EXANTHEMATOUS (ERYTHEMATOUS) REACTIONS

PANEL 1: SOME DRUGS THAT COMMONLY CAUSE EXANTHEMATOUS REACTIONS Antituberculous drugs Barbiturates Carbamazepine Cephalosporins Erythromycin Frusemide Gold Gentamicin Isoniazid Nitrofurantoin Penicillins Phenothiazines Phenylbutazone Phenytoin Sulphonamides Thiazides

The term exanthema is an umbrella term for skin reactions which literally burst forth on the skin. Enanthematous reactions similarly occur on the mucous membranes. Typical characteristics of skin exanthemas include erythema (redness), or morbilliform (resembling measles) or maculopapular lesions. Macules are small, distinct, flat areas and papules are small, raised lesions. This is the most common type of drug-induced cutaneous reaction. The eruption often starts on the trunk; the extremities and intertriginous areas are often involved, but the face may be pared. The rash is usually bright red in colour and the skin may feel hot, burning or itchy.
These reactions can occur with almost any drug at any time up to two to three weeks after starting drug administration, but they are most common within the first 10 days. If the causative drug is continued, exfoliative dermatitis may develop. Occasionally, the eruption subsides despite continuation of the medication. These eruptions usually resolve within a few weeks of discontinuing the causative drug. Ampicillin, amoxycillin and sulphonamides frequently cause these rashes. Drugs that commonly cause exanthematous reactions are shown in Panel 1.
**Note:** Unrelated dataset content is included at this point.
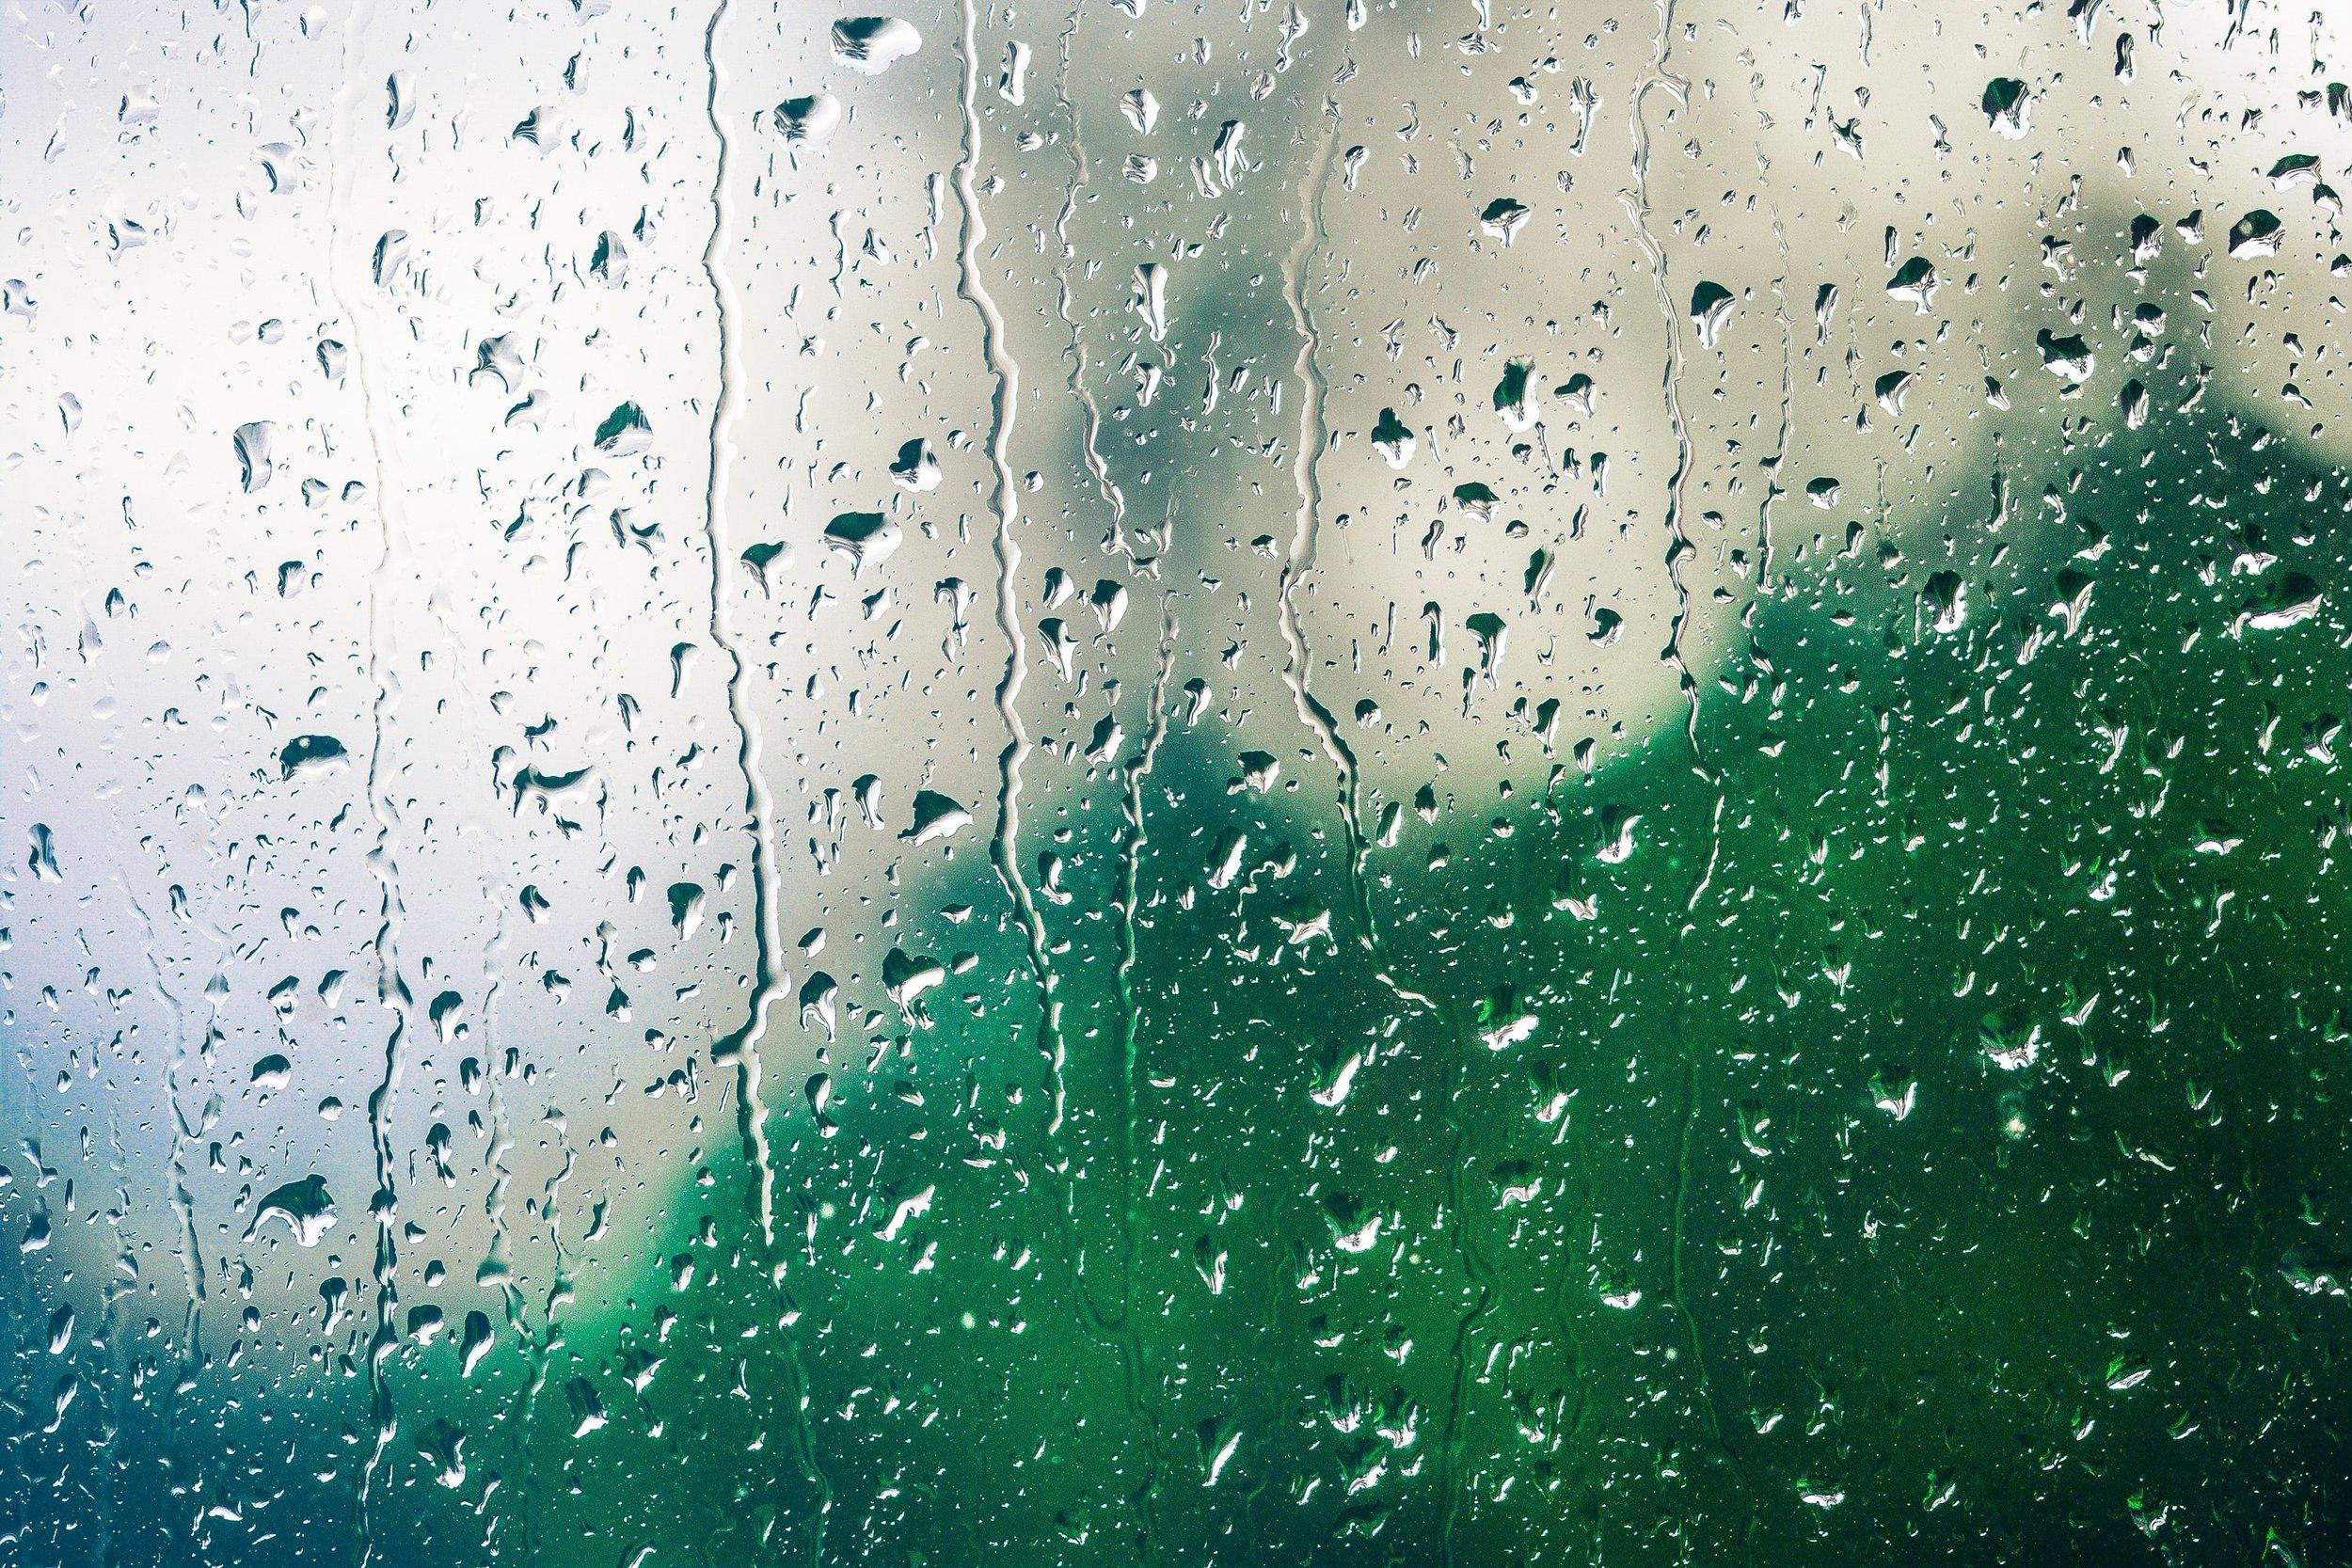 dew-glass-rain-531906.jpg

ERYTHRODERMA AND EXFOLIATIVE DERMATITIS
A widespread confluent erythematous rash (erythroderma) often associated with desquamation (exfoliative dermatitis) is one of the most severe patterns of cutaneous reactions to drugs. It may follow exanthematous eruptions or may develop as erythema and exudation in the flexures. There may be systemic symptoms such as fever, lymphadenopathy and anorexia. Possible complications include hypothermia, fluid and electrolyte loss, and infection. The main drugs implicated are sulphonamides, chloroquine, penicillin, phenytoin and isoniazid.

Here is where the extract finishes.